The code is inspired by the paper of [Italiano, Martelli and Migliorini in 2020](https://arxiv.org/abs/2010.10200) and explained in more detail in [my thesis](todo).
Given any (reasonably small) graph $\Gamma$, this tool searches through all nonisomorphic colorings of $\Gamma$ and checks whether any of these emits a legal orbit.
For maximum performance, this brute-force search is written in C and is multi-threaded. All the relevant functionality is exposed to Python.
### How to use `algebraic-fibrations`:
1. Download this tool
2. Start `sage` in this directory
3. Call `load('main.sage')`.
Now take any graph in Sage, such as:
```sage
g = polytopes.cuboctahedron().graph()
```
Now find one or all legal orbits:
```sage
one_legal_orbit(g)
all_legal_orbits(g)
```
You can customize the search by specifiying the range of colors of the colorings and the number of threads used for parallelizable operations.
More functionality:
- `all_reduced_colorings(graph,d)` finds all nonisomorphic d-colorings for `graph`.

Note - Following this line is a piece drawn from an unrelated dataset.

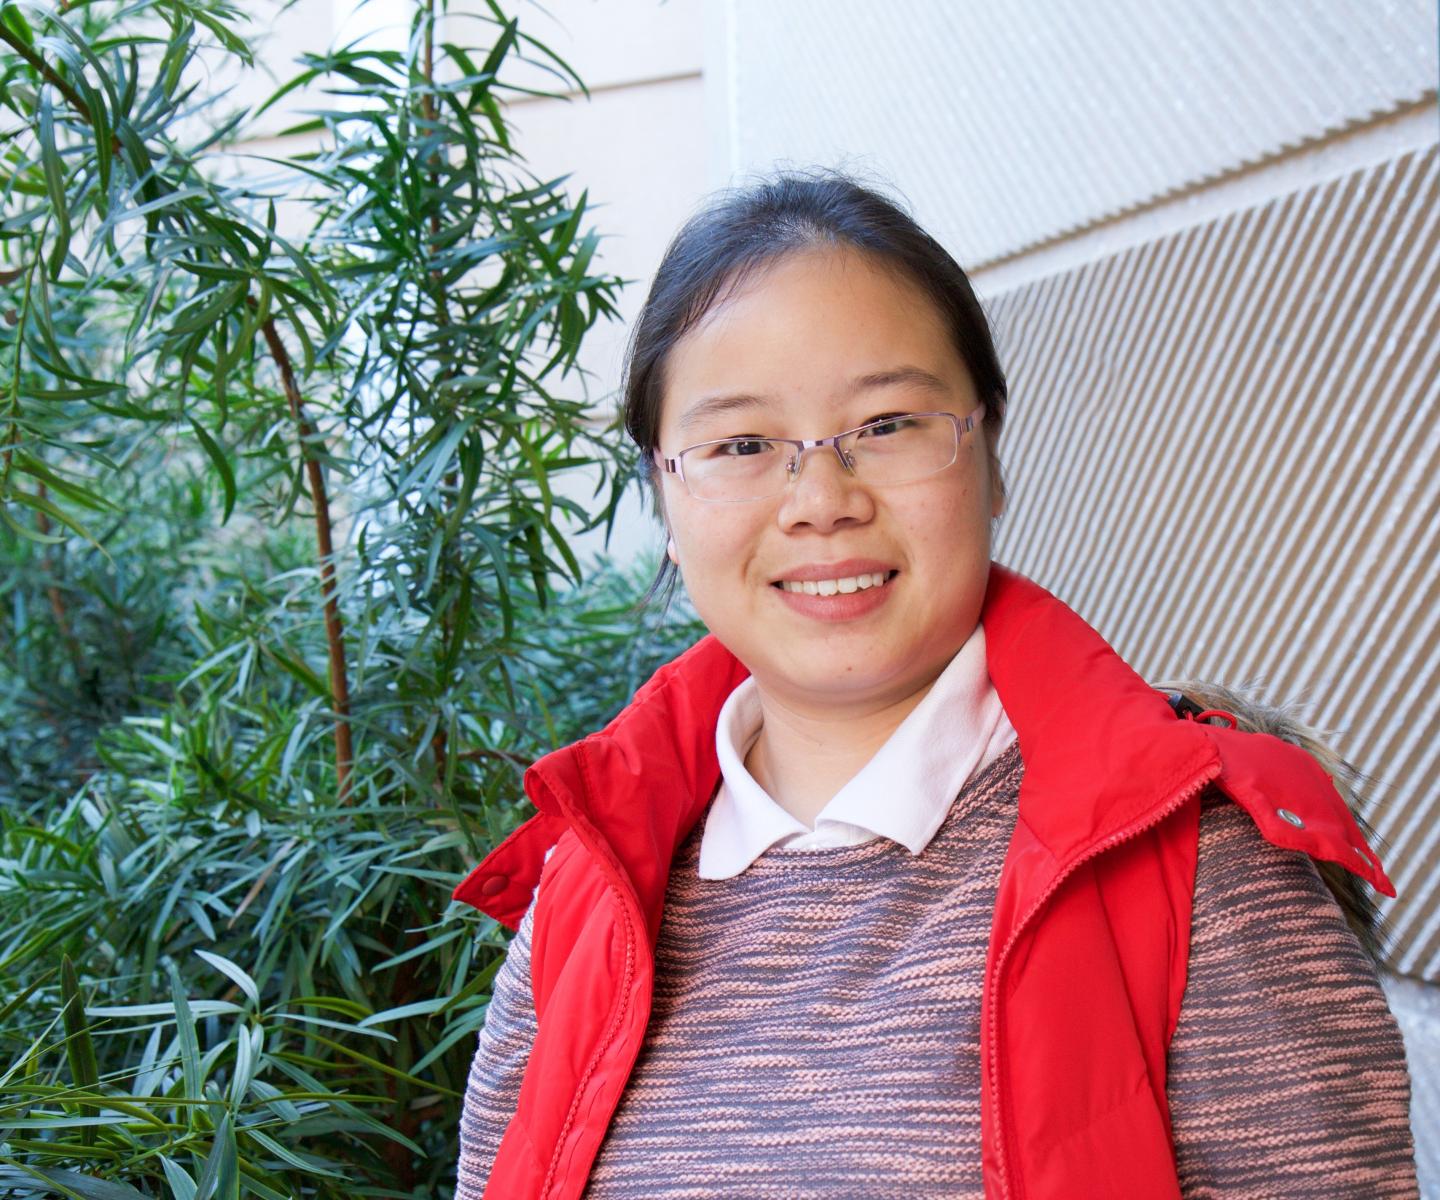 Joyce Cong Ying Wang, University of Texas at Dallas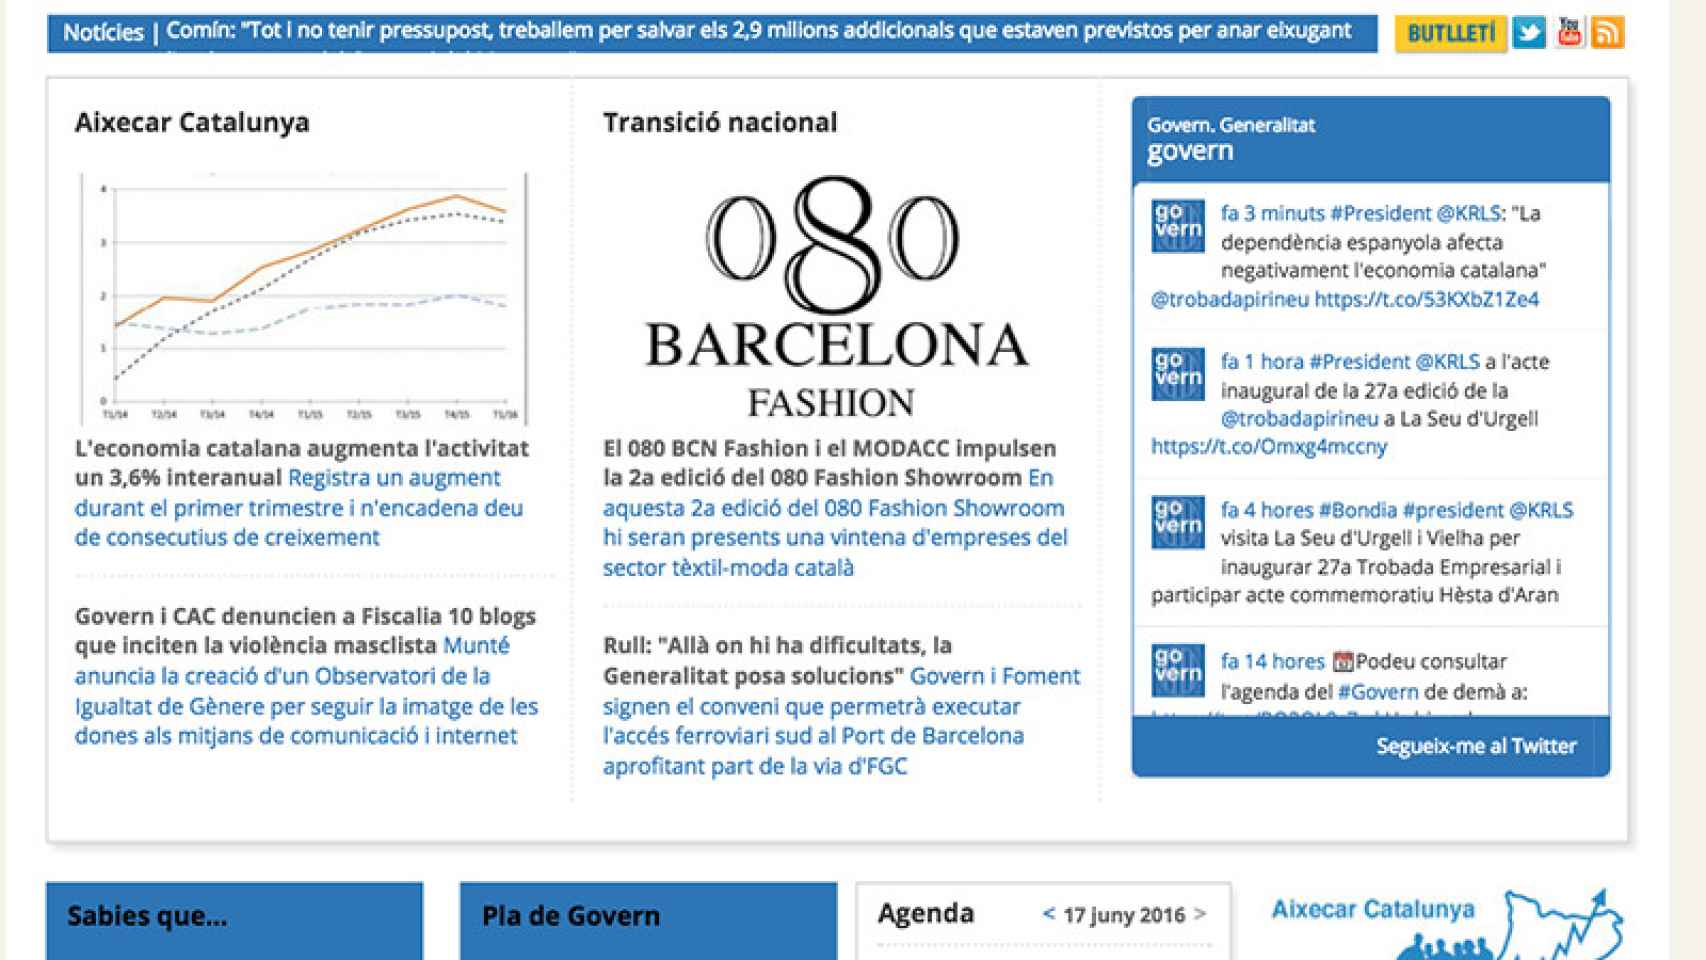 Web de la Generalitat que sitúa la celebración del 080 Barcelona Fashion en la transición nacional.

- Use `legal_orbits_for_coloring` to check whether a single coloring emits a legal orbit.
- Use `graph_k_fibers` whether a graph k-fibers for k > 0.
#### Stream Search
`geng` is a tool that generates a list of graphs with certain properties. With `analyze_geng_stream` you can call geng and analyze all graphs for a legal orbit.
You can also analyze any stream of graphs using `analyze_stream`. The graphs must be separated by newlines and be given in graph6 format.
Use `graph6_from_graph` and `graph_from_graph6` to convert between Sage graphs and the graph6 representations.
### Limitations
Graphs are limited to 32 vertices, but in practice, 20 vertices is the absolute maximum that will work in reasonable time. This is because the number of colorings and the number of subsets of the vertices both grow at least exponentially.